Are Sustainability Reports Designed for Local Communities?

Unable to attend the GRI conference in Amsterdam, I watched the many taped snippets of the Mining & Metals Sector Supplement session on YouTube. One take away from a presentation by First Peoples Worldwide suggests that GRI reports are important but also that they are not designed with local communities as target audience in mind.The session around GRI's Metals and Mining Sector Supplement, which was launched already during 78th Annual Convention of the Prospectors and Developers Association of Canada (PDAC) held in Toronto in February 2010, began innocently enough. GRI welcomed everybody. Vale, one of the largest metals and mining companies in the world, framed the session and highlighted upsides of transitioning from CSR reporting to GRI type sustainability reporting. No major surprises there.

The presentation by the representative of First Peoples Worldwide , an NGO, got my attention. The presenter recognized the value of reporting as it provides the context for intervention by – what I call – “intermediaries”. These groups can use sustainability reports to better understand the larger corporate policy context on specific issues and shape their strategies, interventions and collaborations.

For example, GRI reports may contain companies’ approaches to indigenous peoples issues and may include a discussion on concepts such as ‘Free Prior Informed Consultation/Consent’ or FPIC (see also my previous blog here). However, the presenter also recognized that GRI reports do not provide readily accessible information to local communities and are not particularly useful to help with the engagement process.
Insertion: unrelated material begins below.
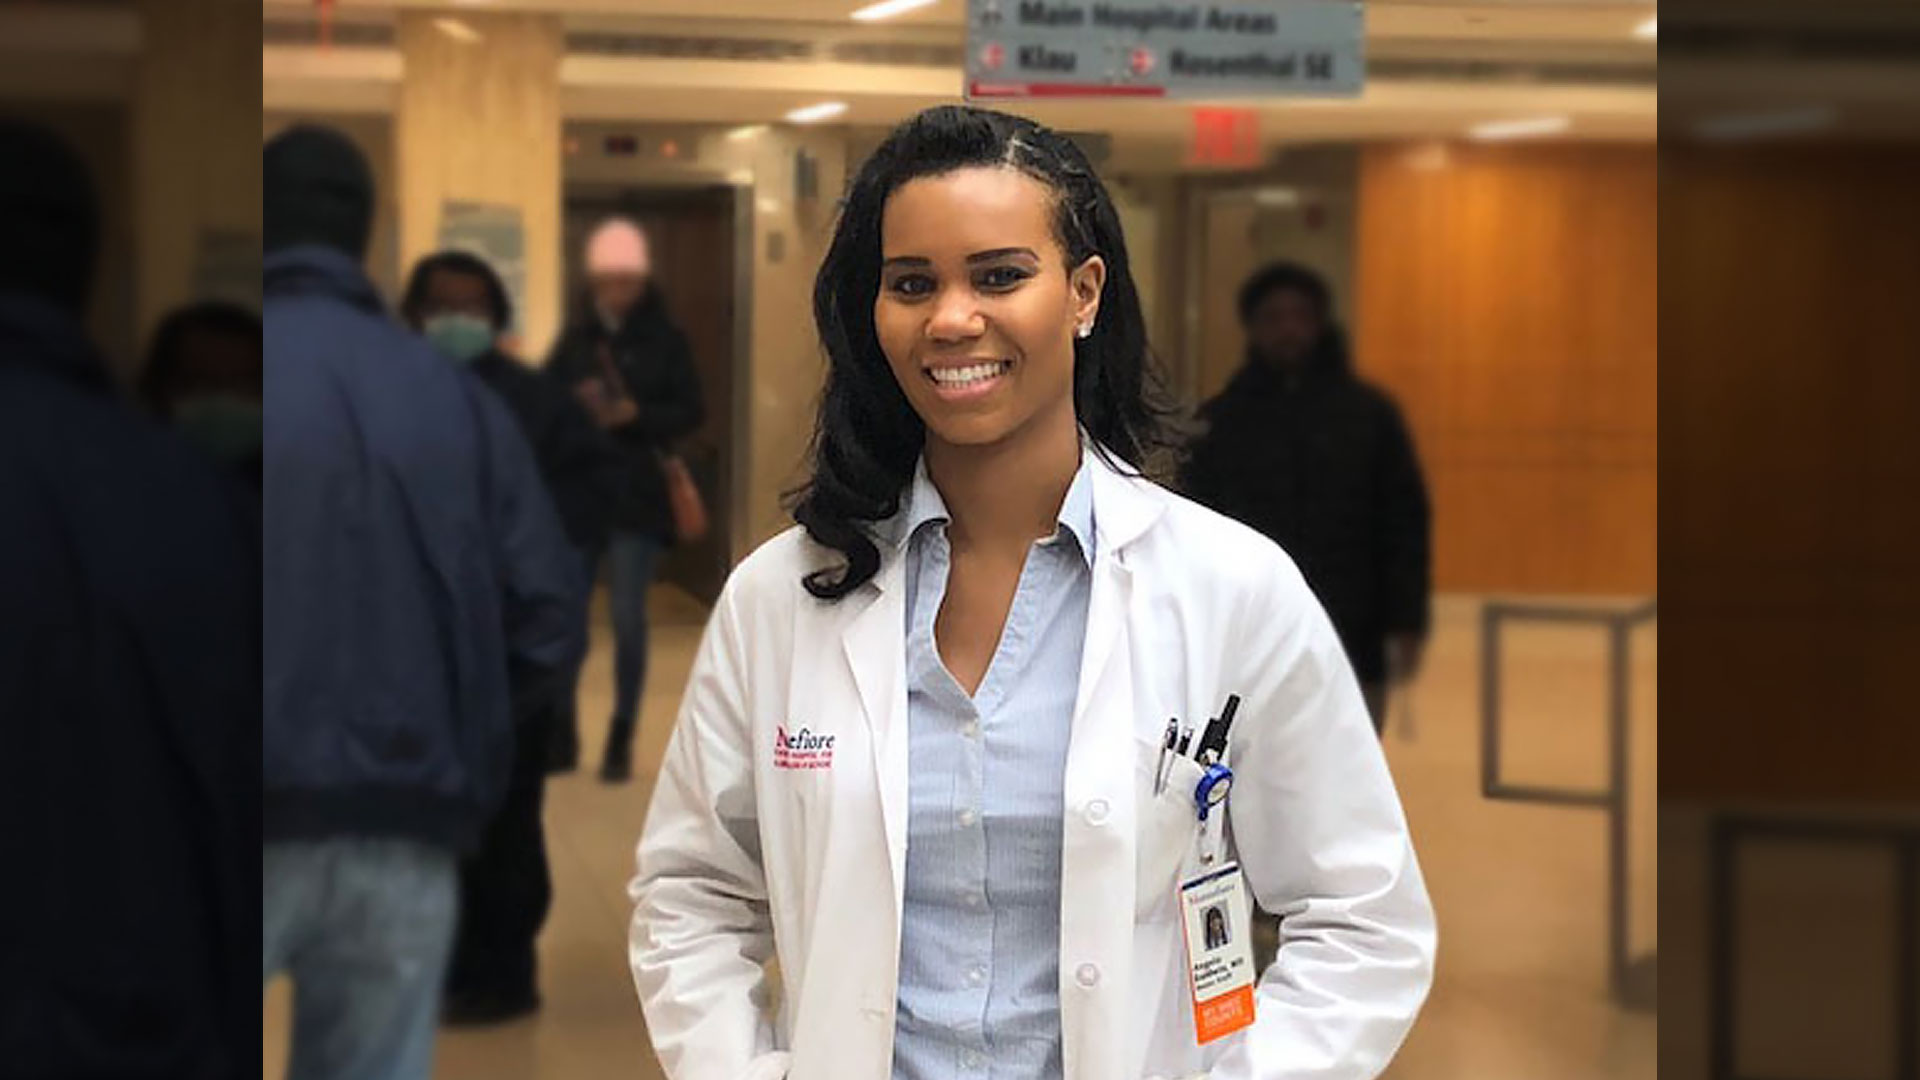 Charting Her Own Course: From Navy Flight Surgeon to First-Year Pathology Resident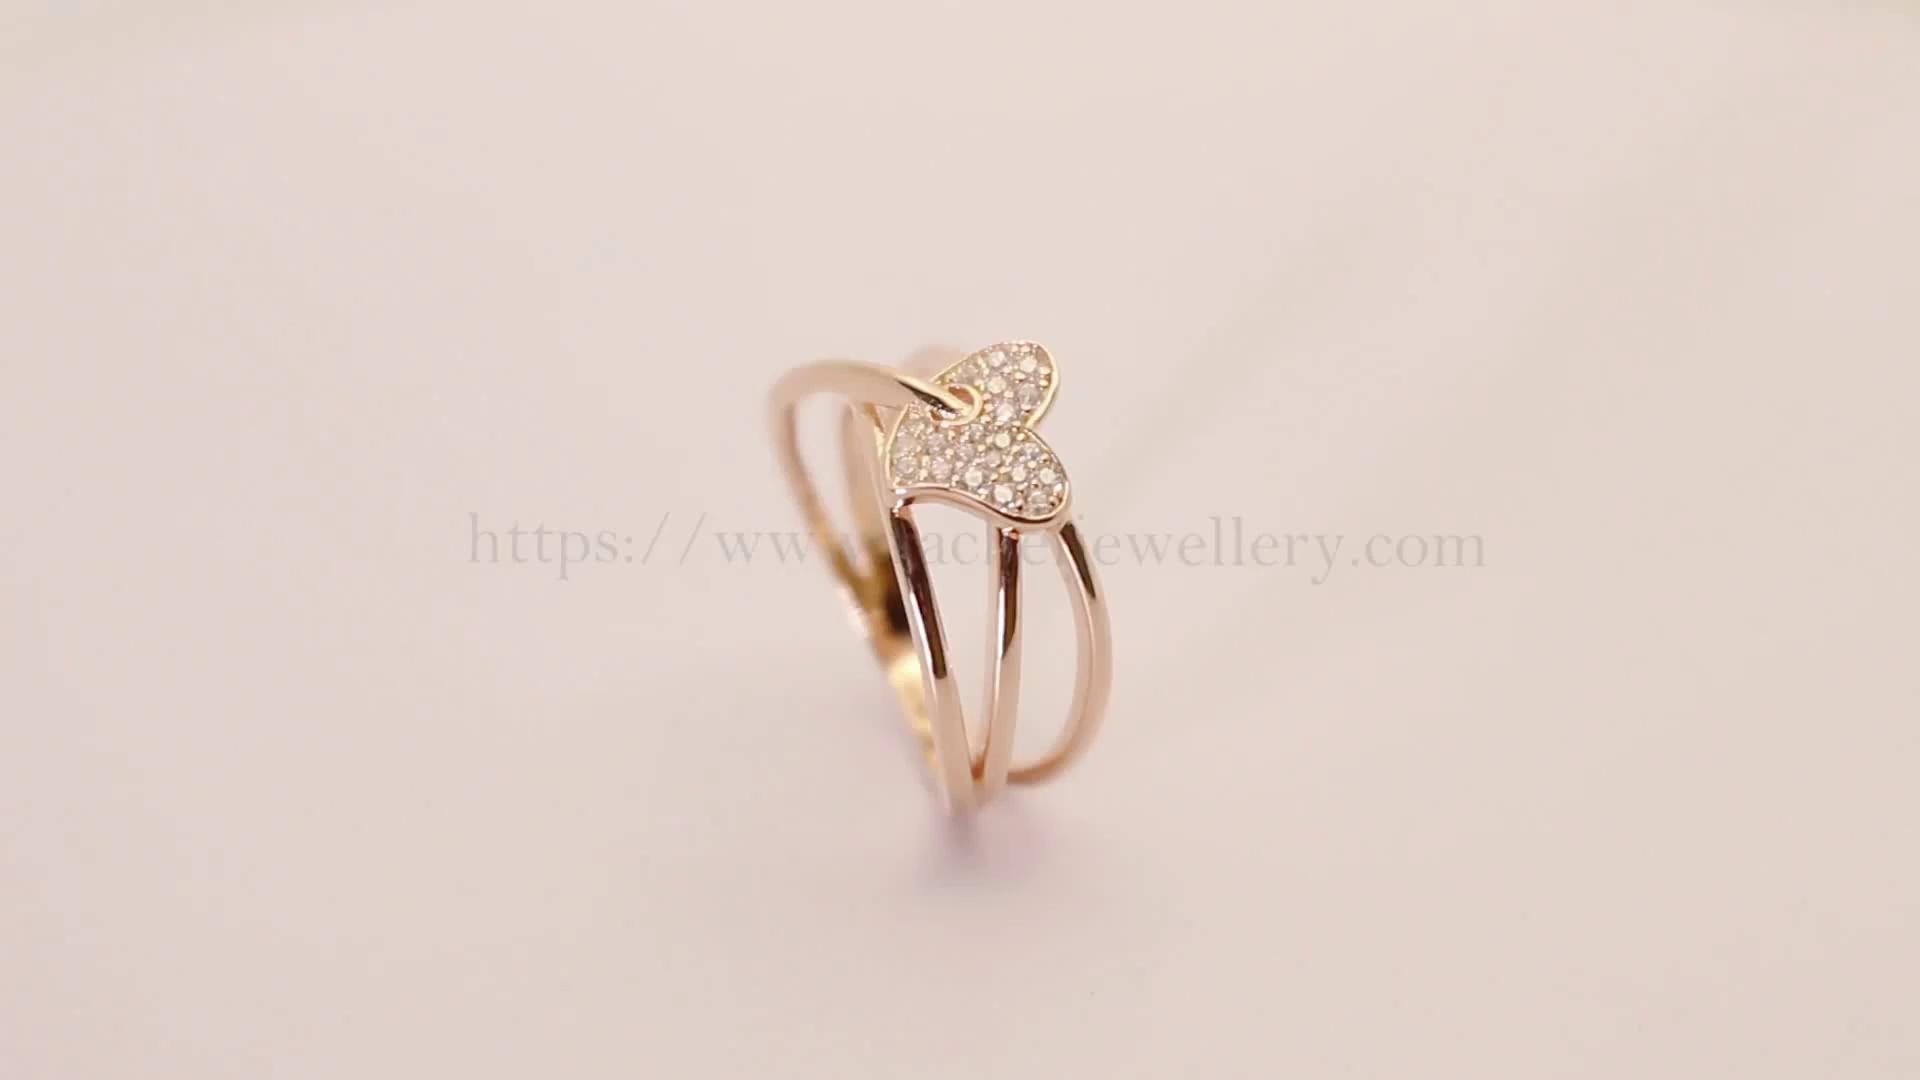 heart silver ring with cubic zirconia, silver cubic zirconia heart ring, cz stone rings

An additional challenge probably includes that many problems are seeded further ‘upstream’. By that I mean activities conducted (or left out) during exploration and development stages of mining projects. Mistakes at this stage can fuel unrealistic expectations and other  long-term social conflicts. There are precious few sustainability reporters amongst this ‘upstream’ group of exploration and junior mining companies, although the Prospectors and Developers Association of Canada (PDAC) is hoping to change that (a topic for a future blog).

Will GRI’s drive towards integrated financial and sustainability reporting further remove local communities as target audiences of sustainability reports?